Check the toolbox. You’re going to need a healthy dose of Intuition, which Merriam-Webster defines as: “The power or faculty of attaining to direct knowledge or cognition without evident rational thought and inference.” (an excellent definition!) It can help temper the combat going on between your intellect and emotions. It’s the unclassifiable force within that tells you to take the other route home, and you later discover there was a five-car pile-up that you probably would have been part of. It tells you to make that phone call to the friend you haven’t talked to for a while, only to discover they were at the end of their rope and really needed to hear from you. It tells you to make that decision you’ve been putting off and follow it through, even though you’re terrified (regardless of whether it’s the wrong one or the right one).
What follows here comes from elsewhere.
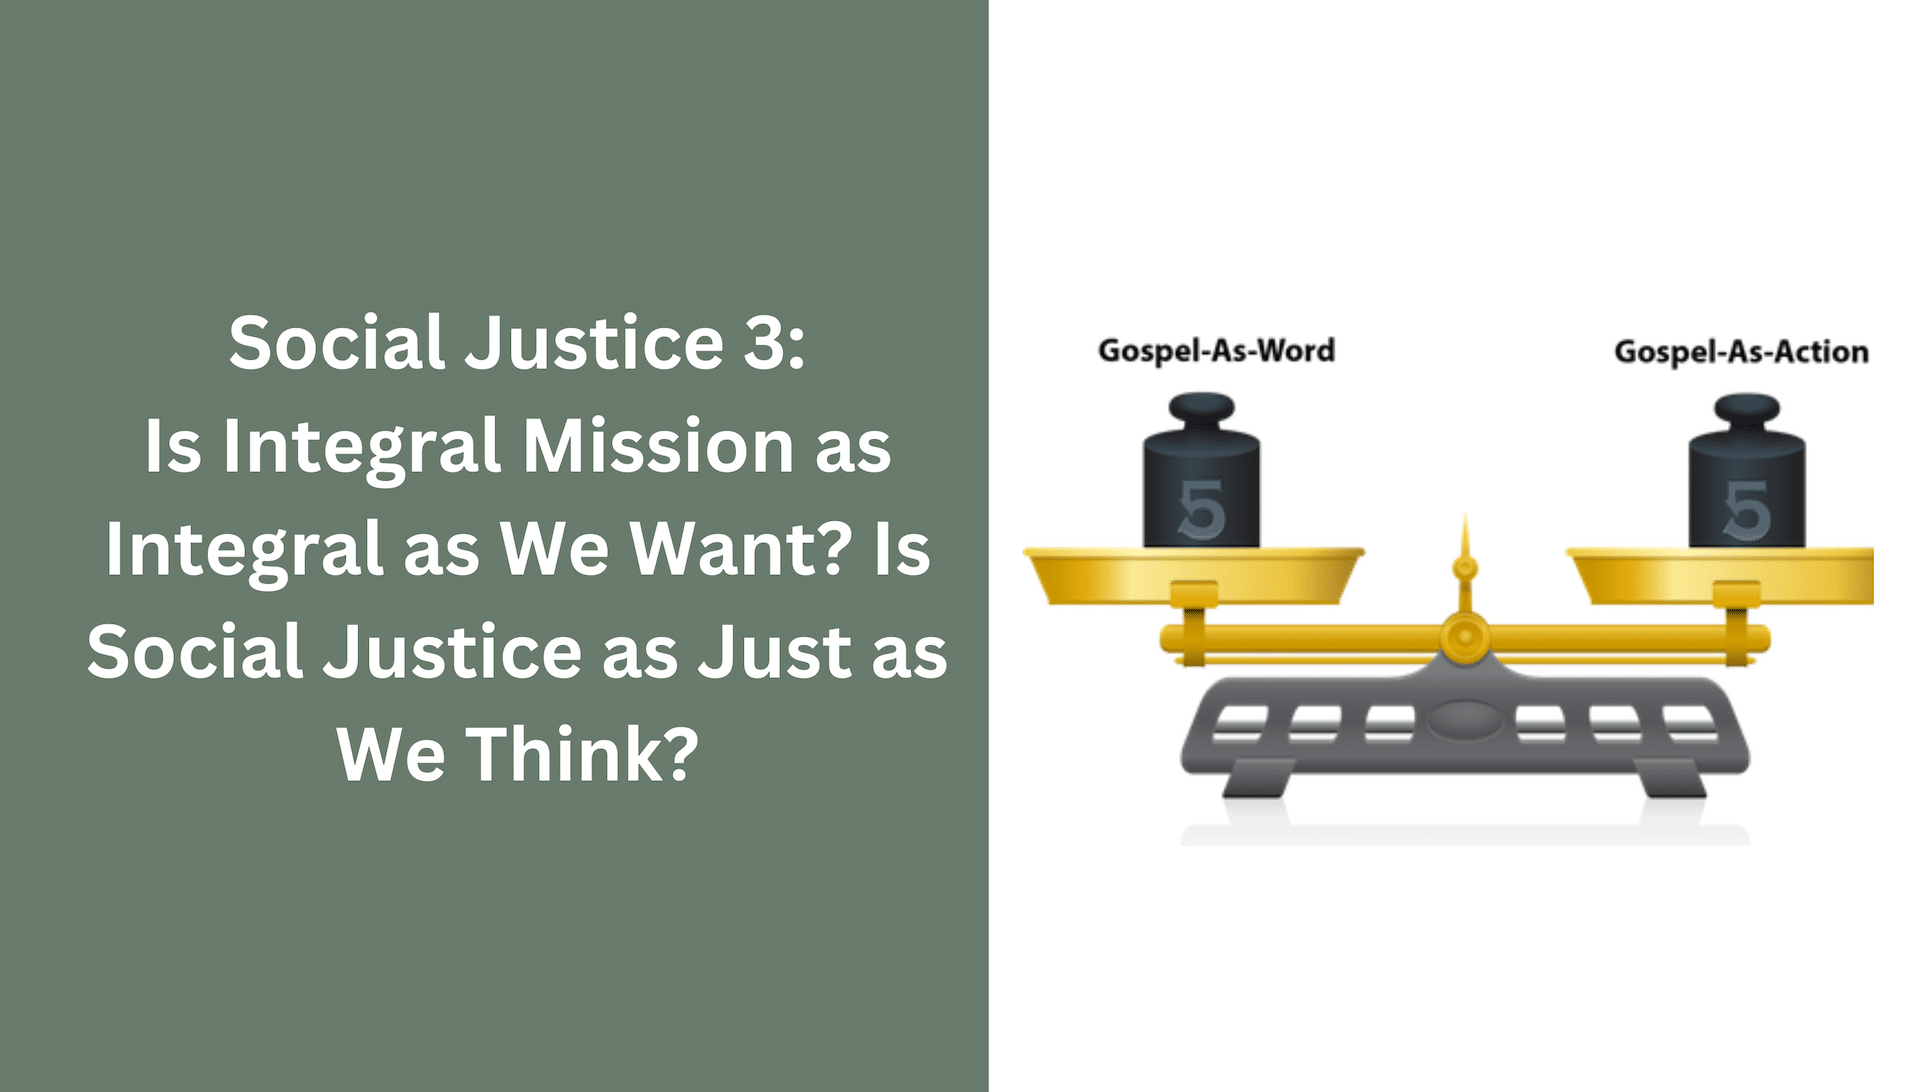 Social justice 3: Is integral mission as integral as we want? Is social justice as just as we think?

I believe that pure intuition is 100% accurate. It’s a near-mystical force, perhaps the closest link we have to the divine. The problem is that it’s not easy to hear clearly. Our ability to receive it unfiltered is routinely compromised by the pandemonium going on in our heads. Even if we do get it, there’s no guarantee we’re going to listen. Learning to hone our intuitive powers is a life-long enterprise, one that scant few ever achieve, but it’s a quest worth taking, regardless.

Next, you’re going to need what may well be my favorite word: Audacity, which Merriam-Webster simply defines as: “Intrepidly daring.” It’s the quality that allows you to look in the mirror and say, “I can do this. I don’t care what’s in my way. I am going the distance!” It gives you the power to get out there and do exactly that. Often, we have an inclination to think “Why me? There’s a million other people out there who can do what I want to do a lot better than me, so why bother?” Audacity enables you to take it from the other end. It’s not a question of “Why me?” It’s a question of “Why not me?”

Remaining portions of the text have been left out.